Мастер — страница 19 из 73

Каждое утро он стоял на террасе и жалел, что не имеет возможности запечатлеть эти мгновения красоты и сохранить их при себе.

Мощеная терраса была изогнута, словно нос корабля, и с нее открывался чудесный вид, одновременно чистый и переменчивый, как морской простор. А внизу раскинулось местечко Рай – самое неанглийское во всей Англии – с красными черепичными крышами, меандрами мощеных булыжниками улиц и сгрудившимися на них домами. Типично итальянский городок на холме, он обладал особой атмосферой – чувственной и одновременно аскетичной. Теперь он ежедневно гулял по улочкам Рая, разглядывая дома, лавочки с решетчатыми переплетами витрин, квадратную колокольню, выдержанную красоту кирпичной кладки. А дома Генри ждала терраса – его оперная ложа, из которой он мог обозревать все царства мира. Его терраса, думал он, дружелюбна, как человек, и даже более дружелюбна. Он сожалел, что не может купить этот дом, и уже начал роптать по поводу планов владельца вернуть себе дом в начале июля.

В июне ночей почти не было. Он допоздна задерживался на террасе, пока медлительный туман наползал на долину и опускалась мягкая, прозрачная мгла. А спустя несколько часов уже начинал брезжить рассвет. Его единственный гость в эти дни праздности и трудолюбия еще раз написал, подтвердив даты своего приезда и отъезда. Оливер Уэнделл Холмс-младший[26] был его старым другом, теперь отдалившимся, частью группы единомышленников, молодых людей, которых он знал по Ньюпорту и Бостону.
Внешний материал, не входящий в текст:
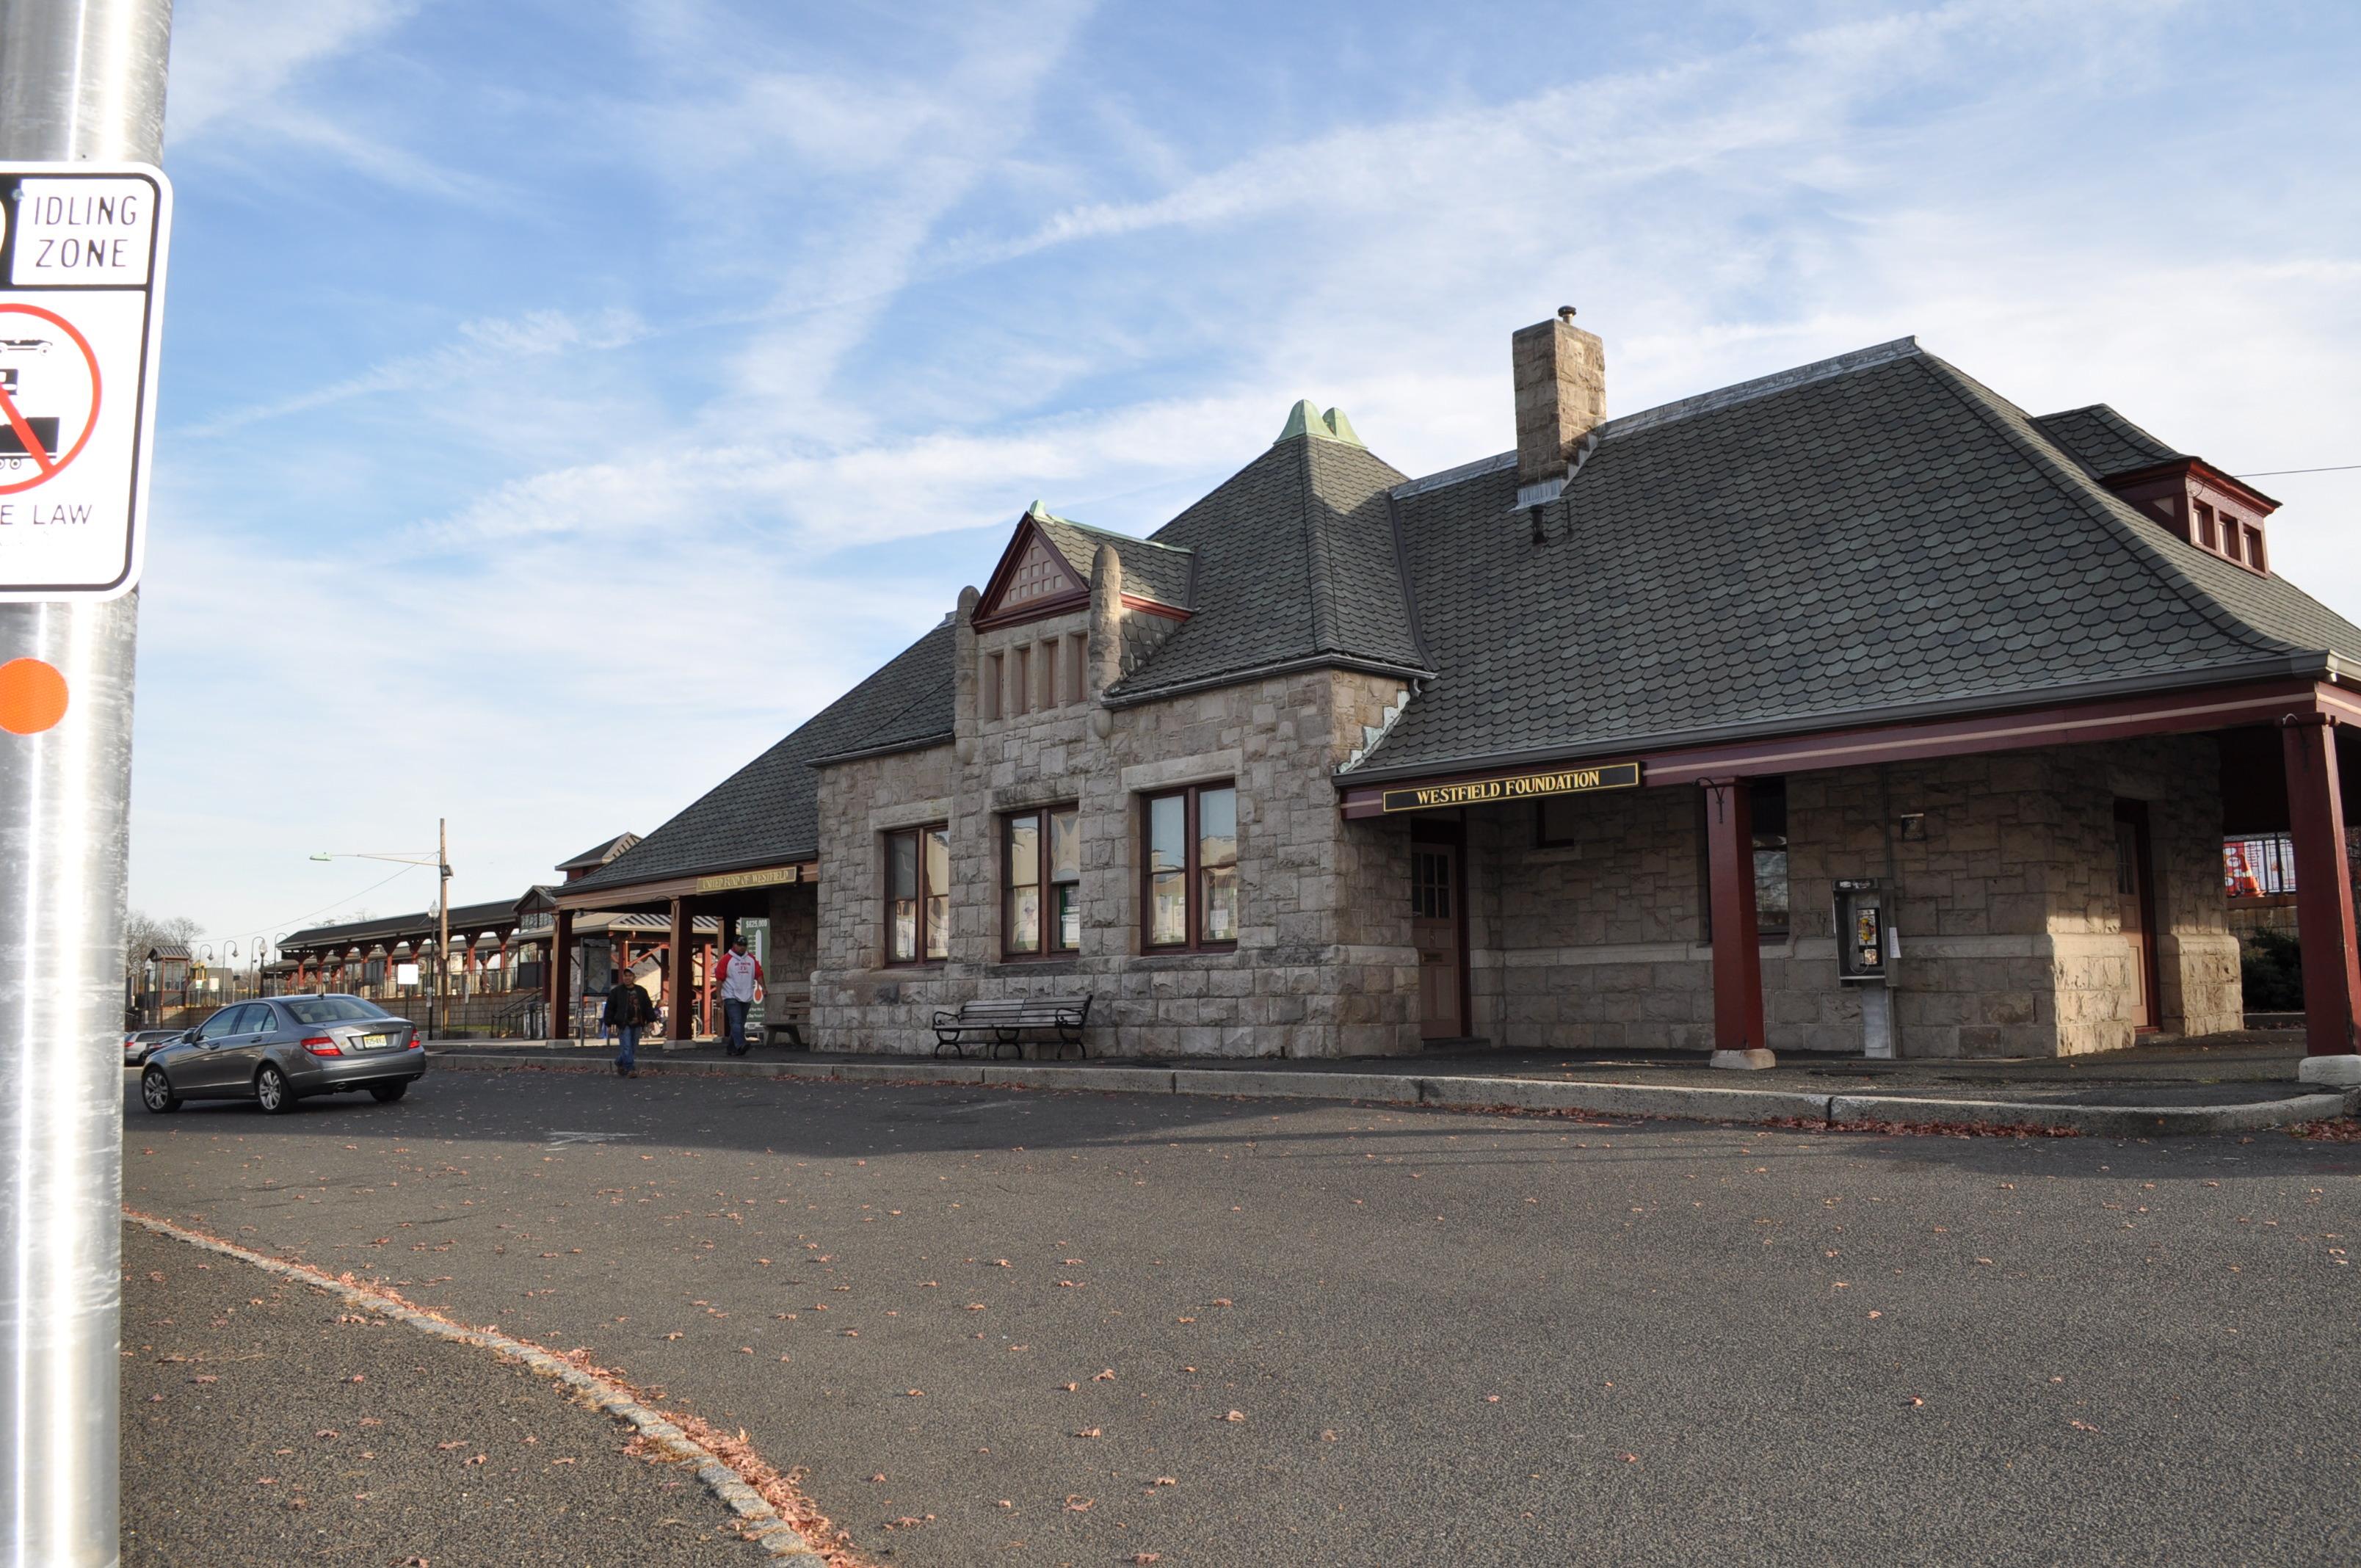 41cea0690aca547aed0e_train_station.JPG

Уже в тридцать с небольшим они стали выдающимися людьми и теперь оказывали ведущее влияние на эпоху. Когда они приезжали в Англию, то казались ему непостижимыми – такие уверенные, они всегда так умело завершали фразу, так привыкли, что их слушают. И все же в сравнении с мужчинами их круга из Англии и Франции они, как ни странно, выглядели зелеными юнцами, их дерзость была сродни невинности. Его брат Уильям тоже был таким, но то была лишь одна его половина. Другая же состояла из глубочайшего самосознания, где вся его незрелость и свежесть были погребены под толстым слоем иронии. Уильям знал, какой эффект может произвести его зрелая и сложная личность, но это лежало в той области, о которой их современники, обладающие влиянием в литературном мире Соединенных Штатов или в юриспруденции, ровным счетом ничего не знали. Они оставались естественными, и это для Генри представляло огромнейший интерес.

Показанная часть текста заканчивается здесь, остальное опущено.